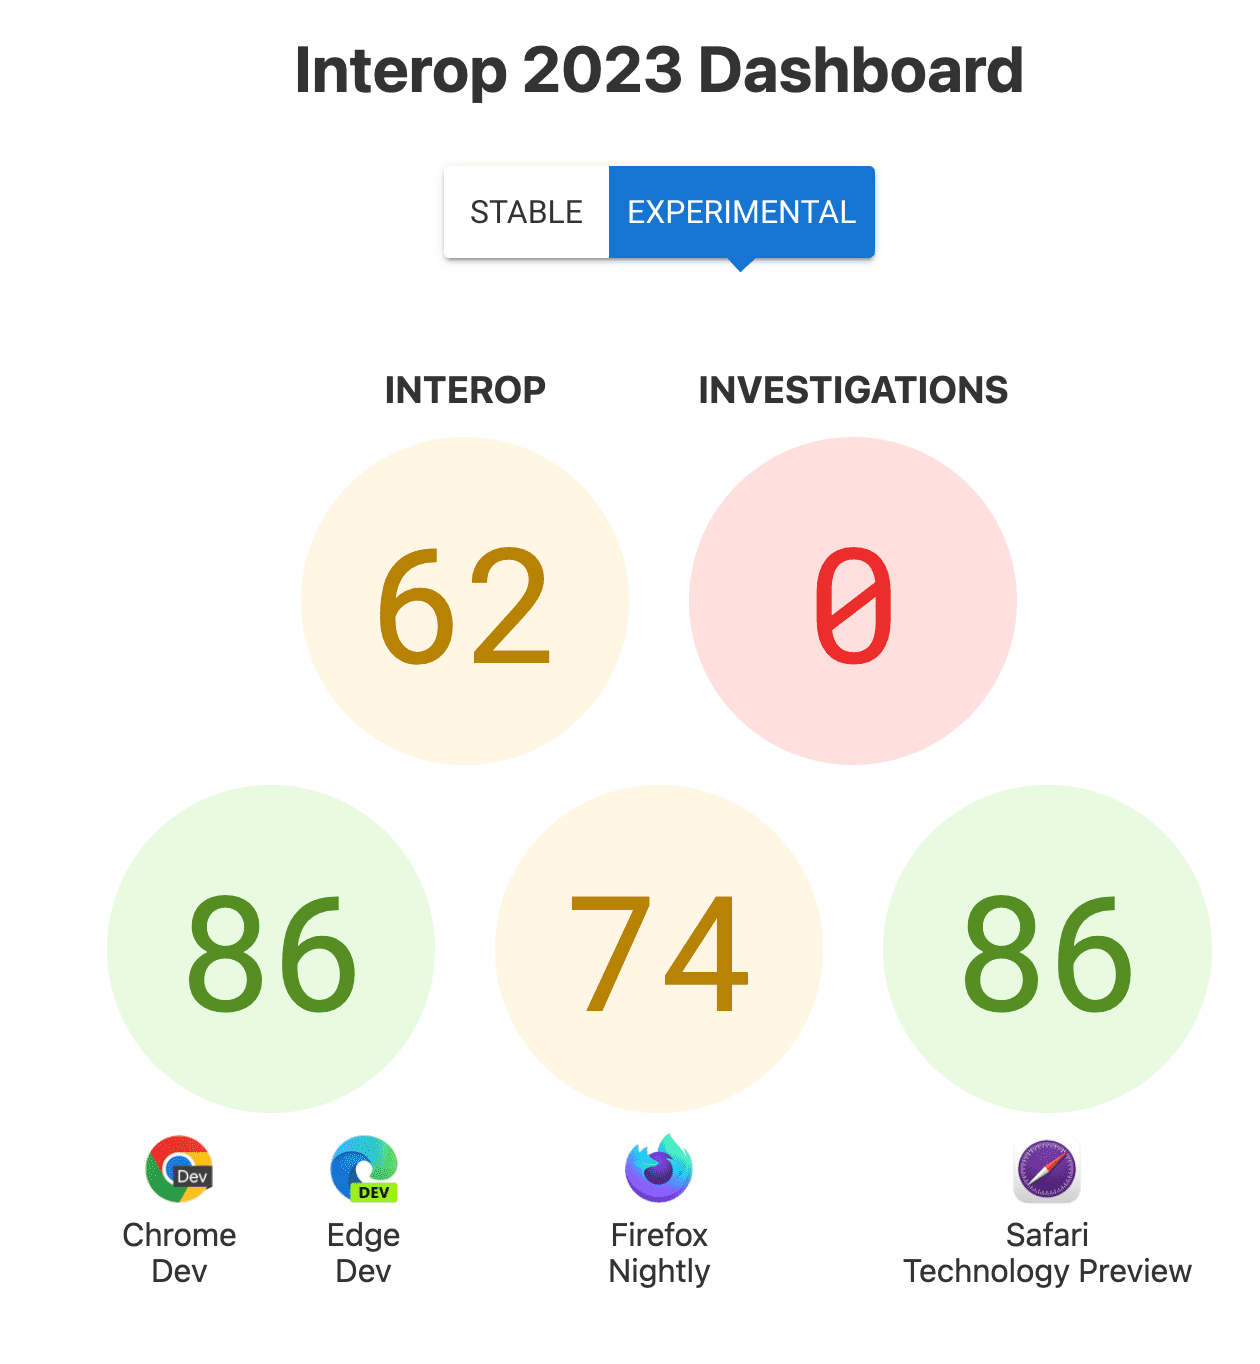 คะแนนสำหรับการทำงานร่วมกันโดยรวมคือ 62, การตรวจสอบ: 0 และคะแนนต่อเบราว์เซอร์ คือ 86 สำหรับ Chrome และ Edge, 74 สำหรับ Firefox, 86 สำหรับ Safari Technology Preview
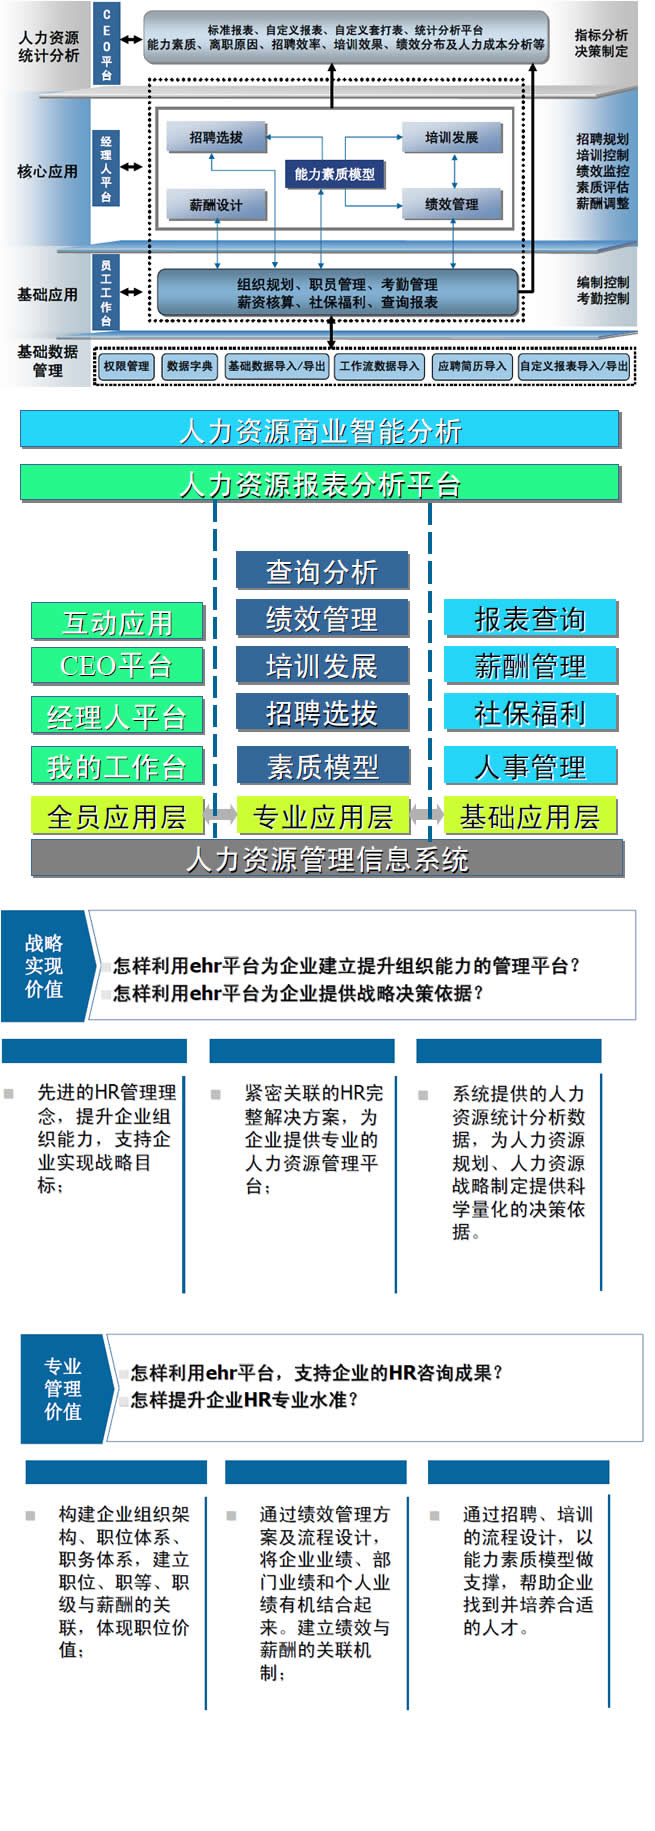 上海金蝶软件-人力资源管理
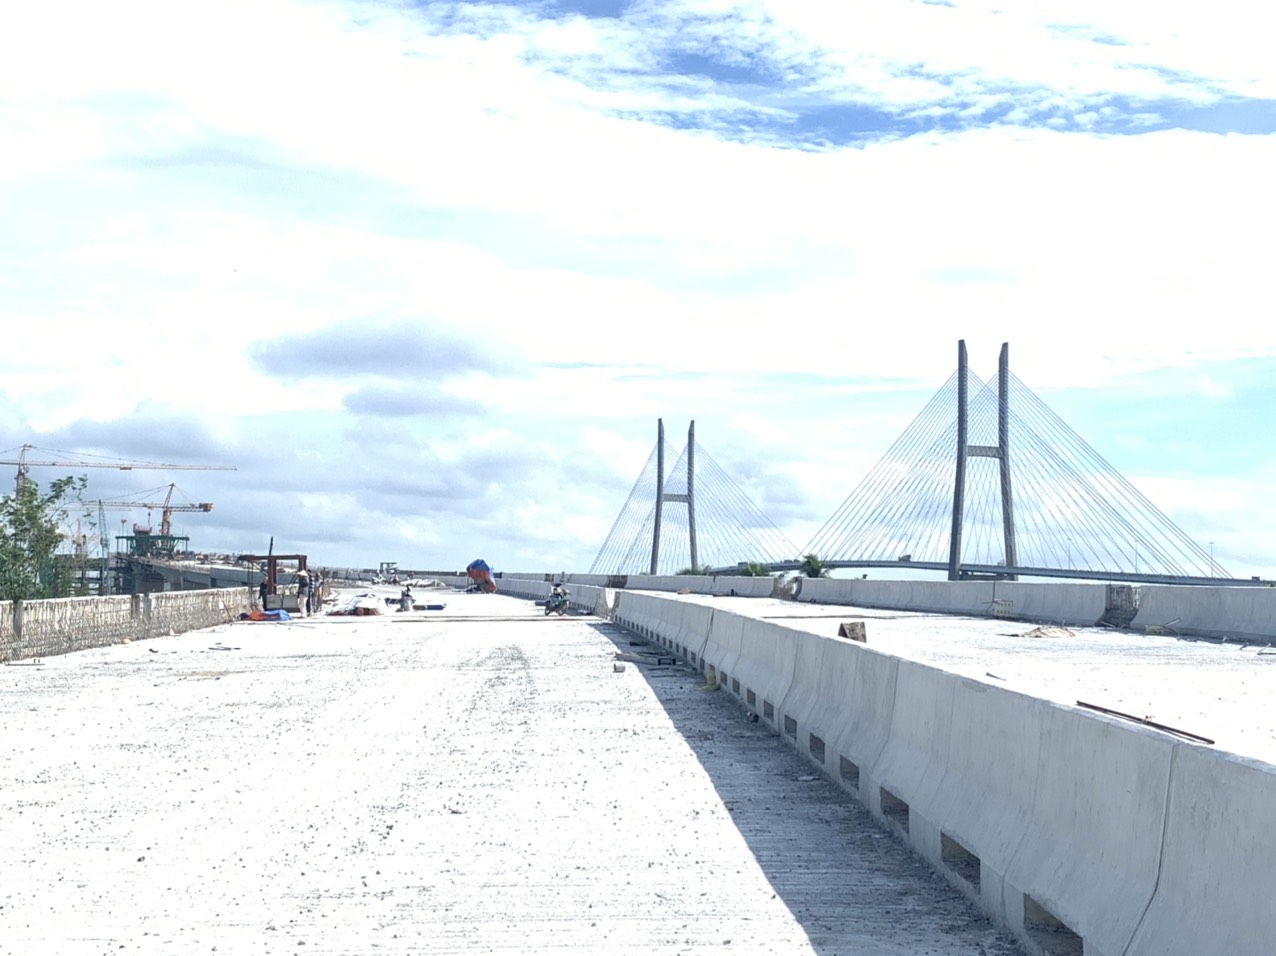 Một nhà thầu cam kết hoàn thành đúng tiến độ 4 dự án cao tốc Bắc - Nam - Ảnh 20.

# The task
Without the pictures, write out the entire listing exactly.

# Solution
 คะแนนสำหรับการทำงานร่วมกันโดยรวมคือ 62, การตรวจสอบ: 0 และคะแนนต่อเบราว์เซอร์ คือ 86 สำหรับ Chrome และ Edge, 74 สำหรับ Firefox, 86 สำหรับ Safari Technology Preview
 上海金蝶软件-人力资源管理
 Một nhà thầu cam kết hoàn thành đúng tiến độ 4 dự án cao tốc Bắc - Nam - Ảnh 20.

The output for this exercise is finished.